Cross My Heart is an American romantic comedy that was released in the United States on November 13, 1987. It stars Martin Short and Annette O'Toole.

Plot
Bruce Gaynor (Paul Reiser) advises David Morgan (Short) while Nancy (Joanna Kerns) advises Kathy (O'Toole) on how to go about their third and most intimate date.

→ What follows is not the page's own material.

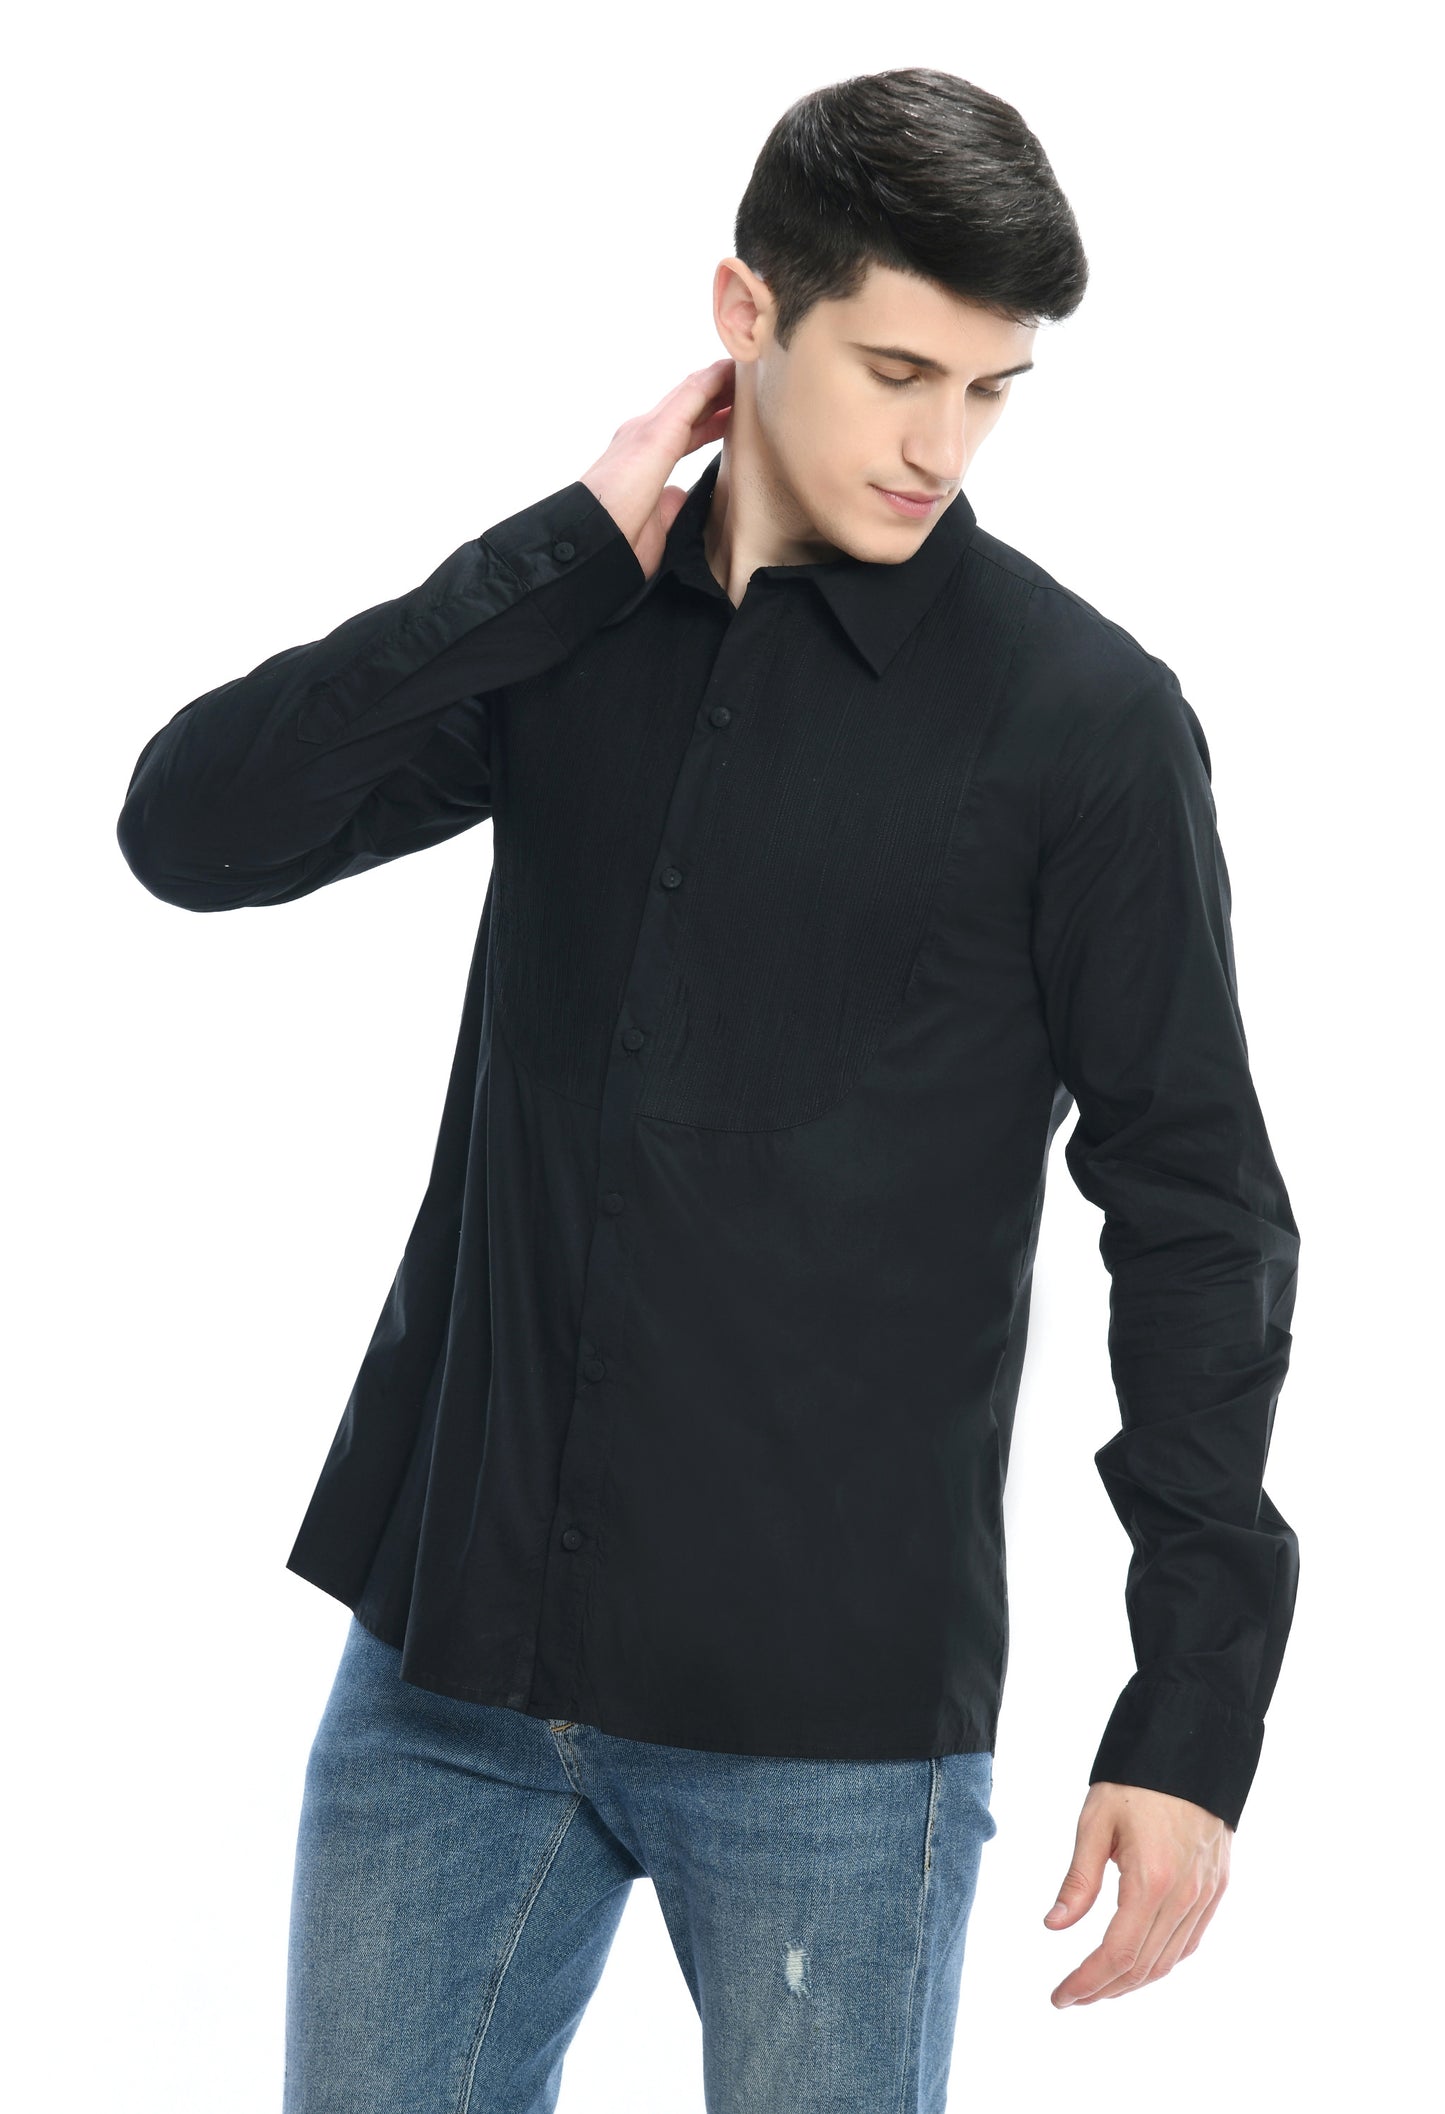 A black cotton shirt showcasing pintex around the neck.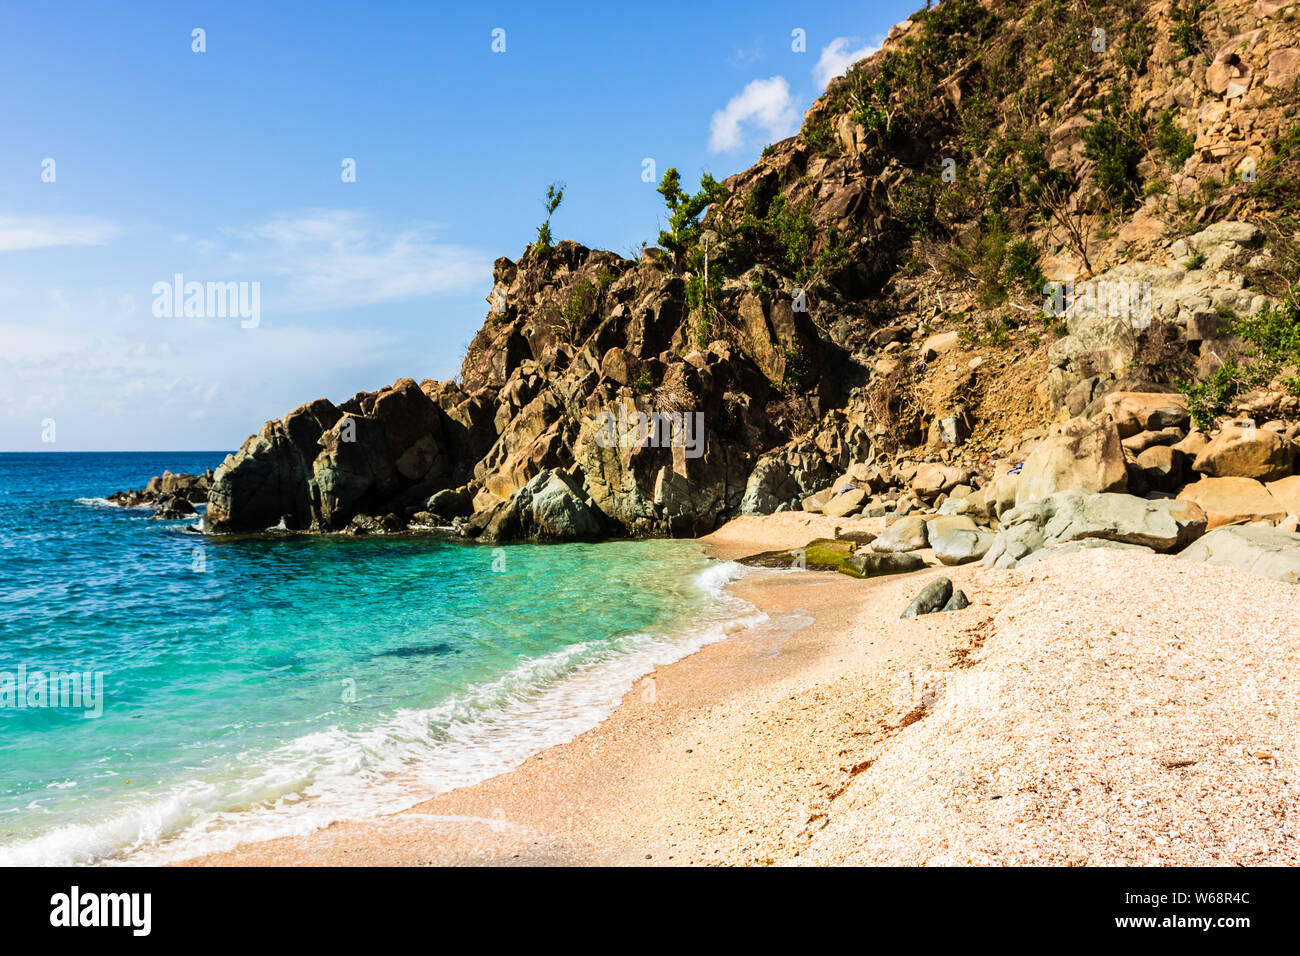 Reisen Foto von St. Barth's Island, Karibik. Die berühmte Shell Beach, St. Barth's (St. Bart's) Karibik. Stockfoto

Although they have dated twice, they have not revealed their biggest secrets. This third date challenges their relationship as the truths surface.  Both parties find that honesty really is the best policy.

Cast
 Martin Short as David Morgan 
 Annette O'Toole as Kathy 
 Paul Reiser as Bruce Gaynor 
 Joanna Kerns as Nancy 
 Jessica Puscas as Jessica 
 Lee Arenberg as Parking Attendant 
 Corinne Bohrer as Susan 
 Jason Stuart as Waiter 
 Shelley Taylor Morgan as Woman in Restaurant 
 Eric Poppick as Maitre D
 Steven J. Zmed as Fumbling Spa Attendant

Reception
Cross My Heart holds a rating of 46% on Rotten Tomatoes from 13 reviews.

Availability
The film was released on VHS in 1988 by MCA Home Video and contains a trailer for the film Positive I.D. at the end. Universal released the film onto DVD on August 3, 2010.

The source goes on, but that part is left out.